By late afternoon, I was getting carsick from reading. In an attempt to calm my stomach, I plucked my Walkman from my backpack and clamped on the headphones. Listening to the whine of Bruce Springsteen’s harmonica, I watched the spine of the road stretch into the fading daylight. Night was closing in and Bruce was singing “Thunder Road” when we finally crossed over into Washington County.

The dread that was nestling down in me morphed into full-fledged fear when I saw beyond the whoosh of windshield wipers a sign that read, Slippery Elm NEXT EXIT.

By now Clarence Clemons was wailing on his sax—a sound both forlorn and carefree. My forehead pressed on the glass, I watched fat snowflakes slam against it and dribble into each other to form a single slow drip.
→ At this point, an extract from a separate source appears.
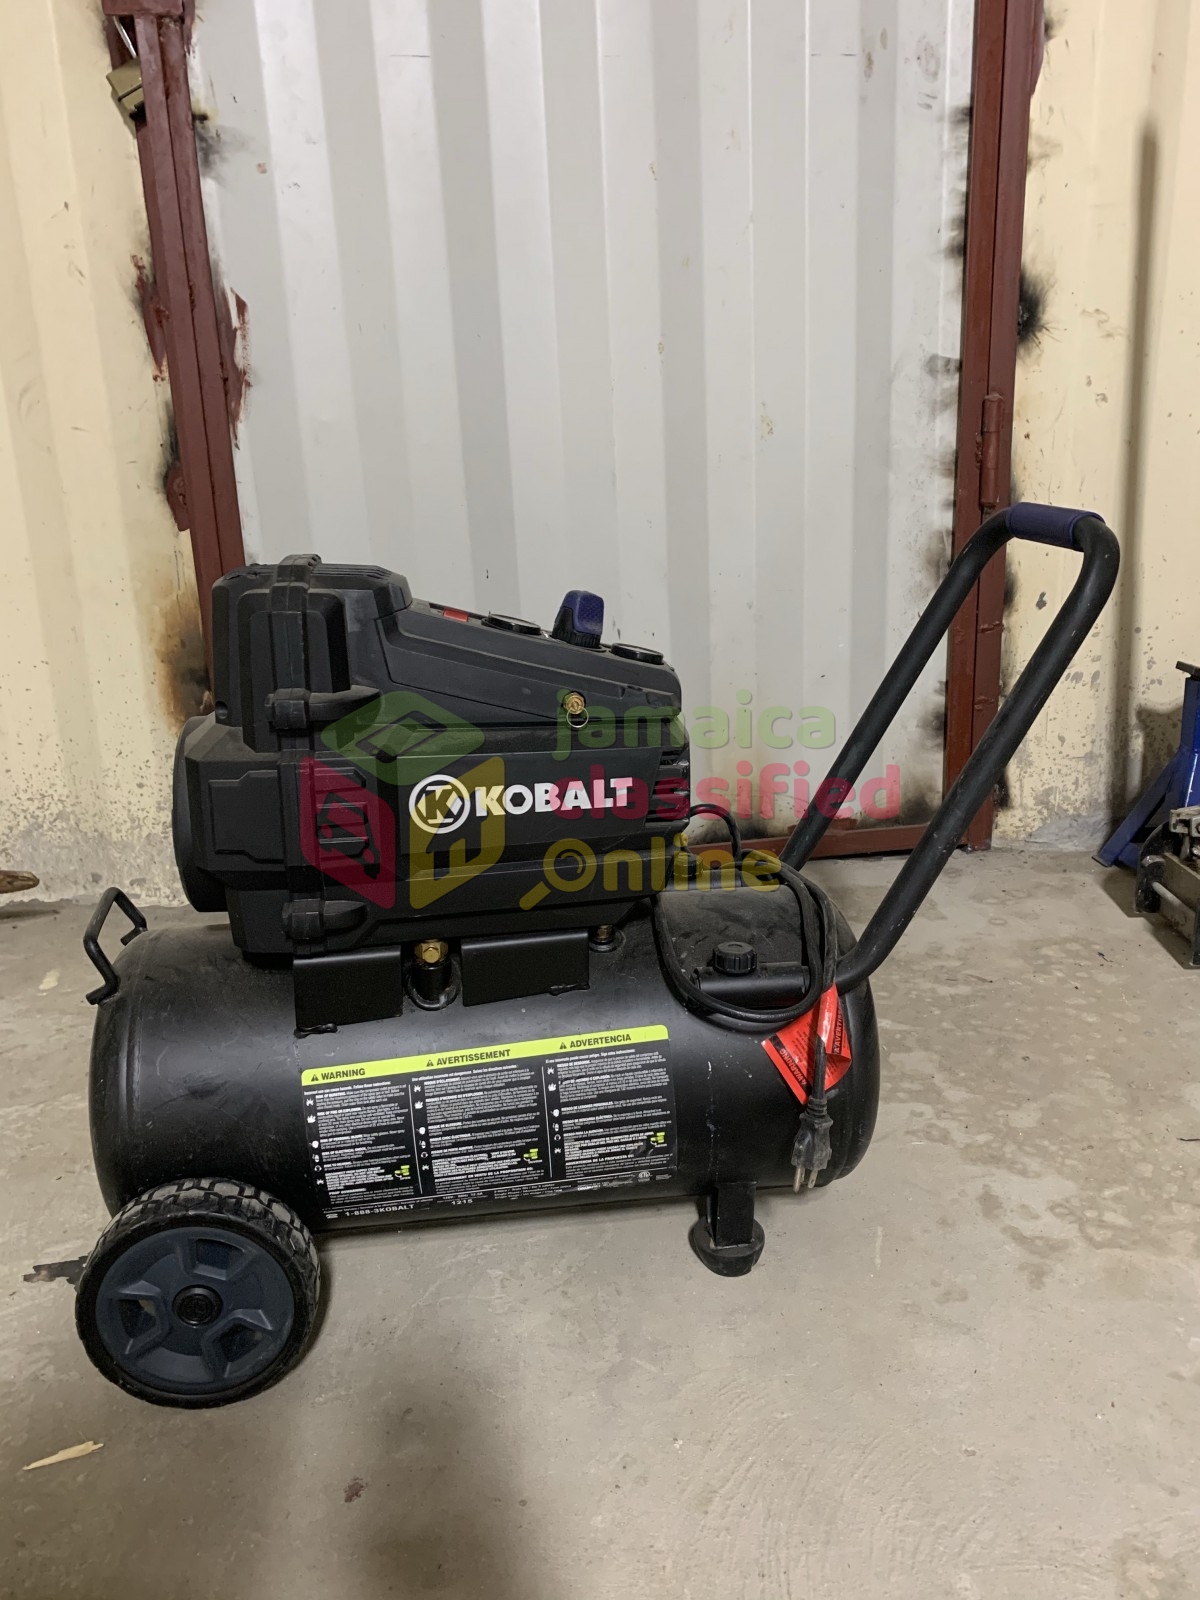 Kobalt 8 Gallon Air Compressor for sale in Goshen St Elizabeth - Tools

Along the sloping descent into Slippery Elm, I noted two shoddy billboards: GOD BLESS AMERICA and AN ALL- AMERICAN CITY.

When we entered the town, a traffic sign told us to slow down to twenty miles per hour. Chuck ignored it altogether. A craggy-faced woman aggressively puffing on a cigarette threw up her arms and mouthed, “Slow down, asshole.”

We pulled up to the first stoplight just as the neon FoodLand sign above the town grocery went dark. West of the village, along the river, the sun disappeared behind seven blast furnaces looming above bare trees.